Laine’s face was inscrutable, her features motionless as a portrait’s, something from another time.
‘What did you do to him?’ she asked. This time, there was accusation in her tone, and Nicholas felt a burr of anger.
‘I know the modern woman lives a full and vigorous life, but did you pick up any little hints that Gavin wasn’t perfectly happy? The crazy stare? Lack of sleep? Love of firearms?’
She watched him, testing his eyes. After a long moment, she nodded curtly and turned away.

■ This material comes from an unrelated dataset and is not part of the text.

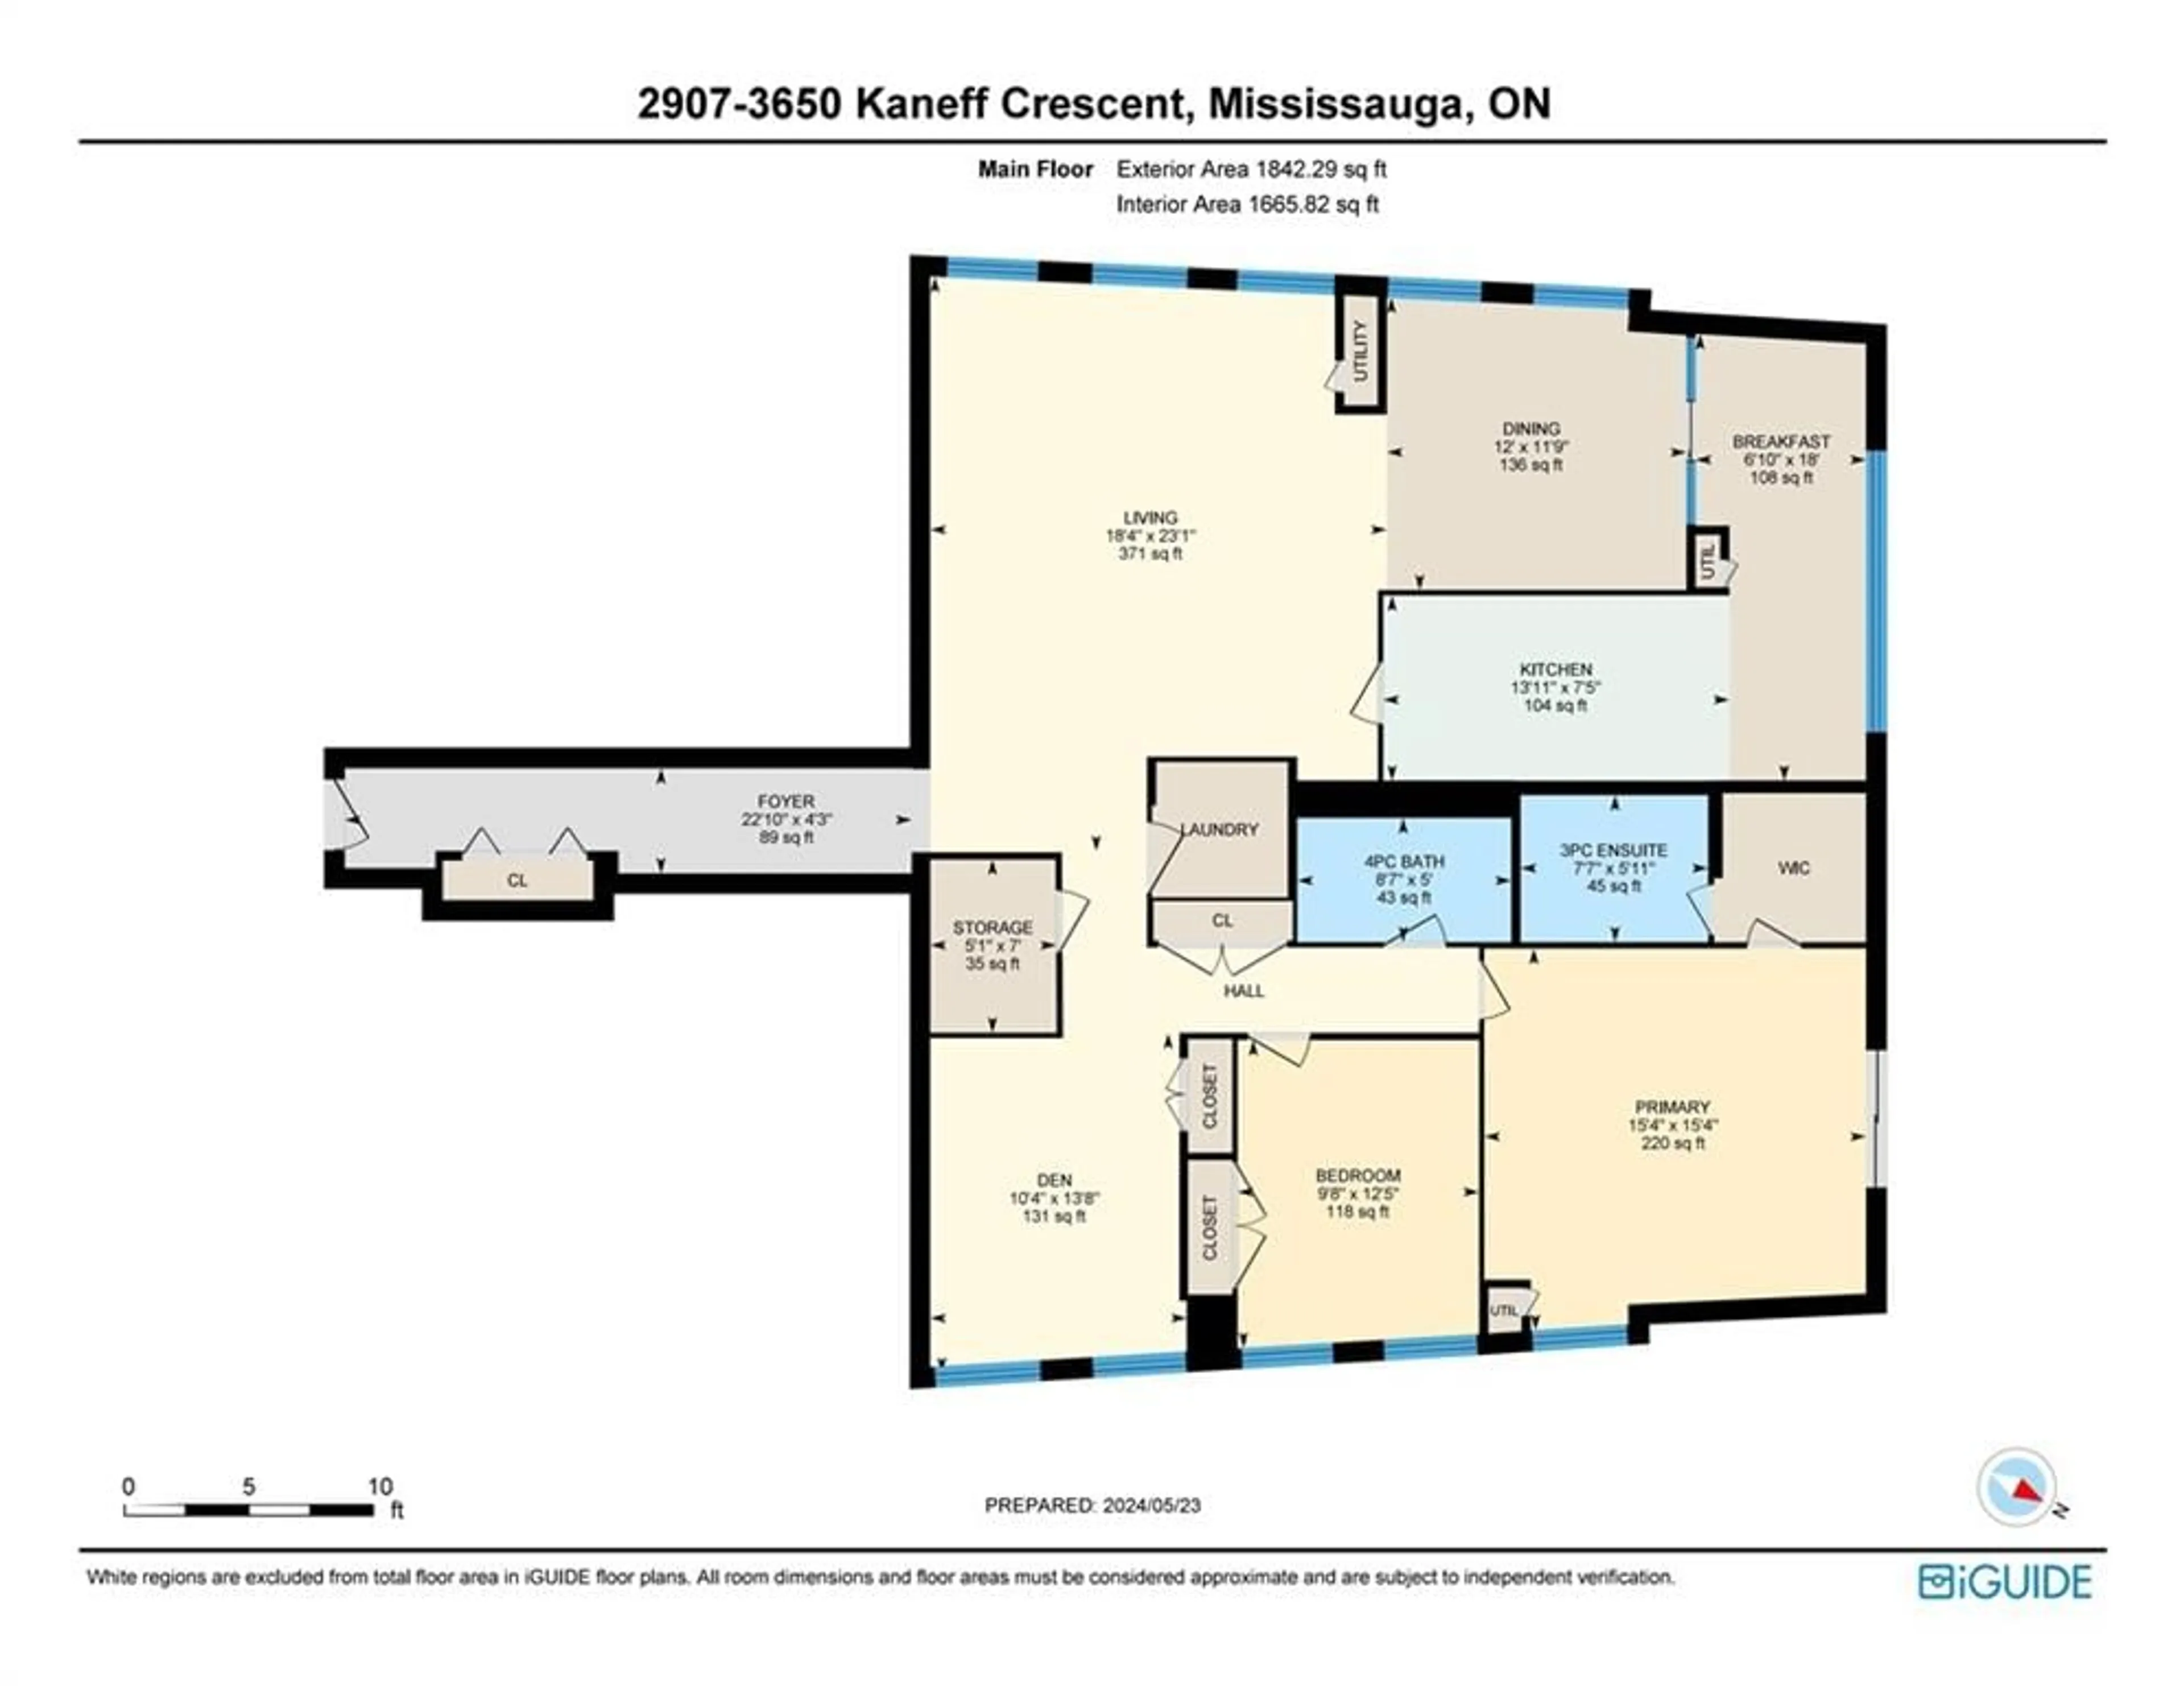 Floor plan for 3650 Kaneff Cres #2907, Mississauga Ontario L5A 4A1
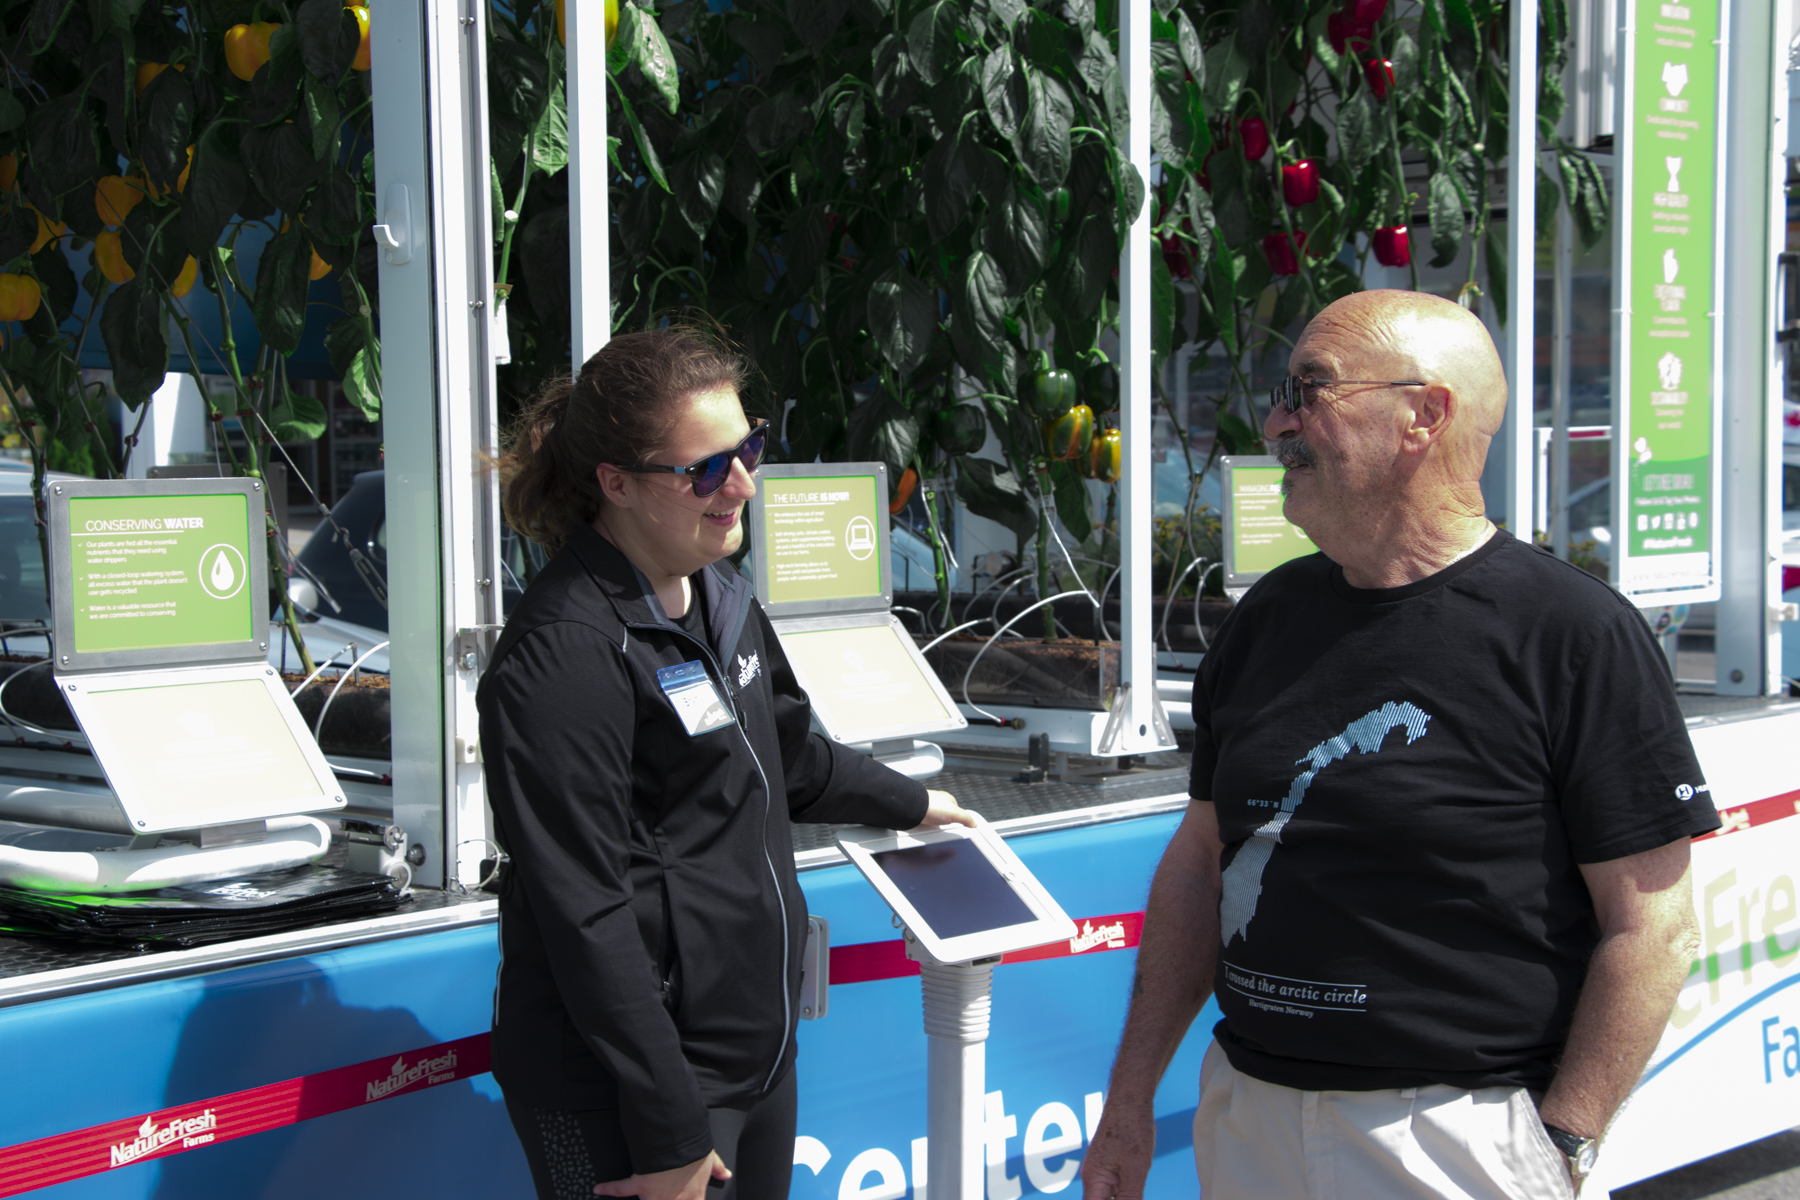 Bryn speaking with a consumer at the GEC

‘I thought he was going to kill me!’ said Nicholas, loudly. She kept walking. ‘Mrs Boye!’
She stopped. Droplets of rain collected like glass beads on her shoulders. She turned. Her mouth was held tight. She lifted her chin and met Nicholas’s gaze.
‘How did he know I was back?’ he asked.
He could see now what the emotion was, brewing behind her eyes. The knowledge surprised him. She was embarrassed.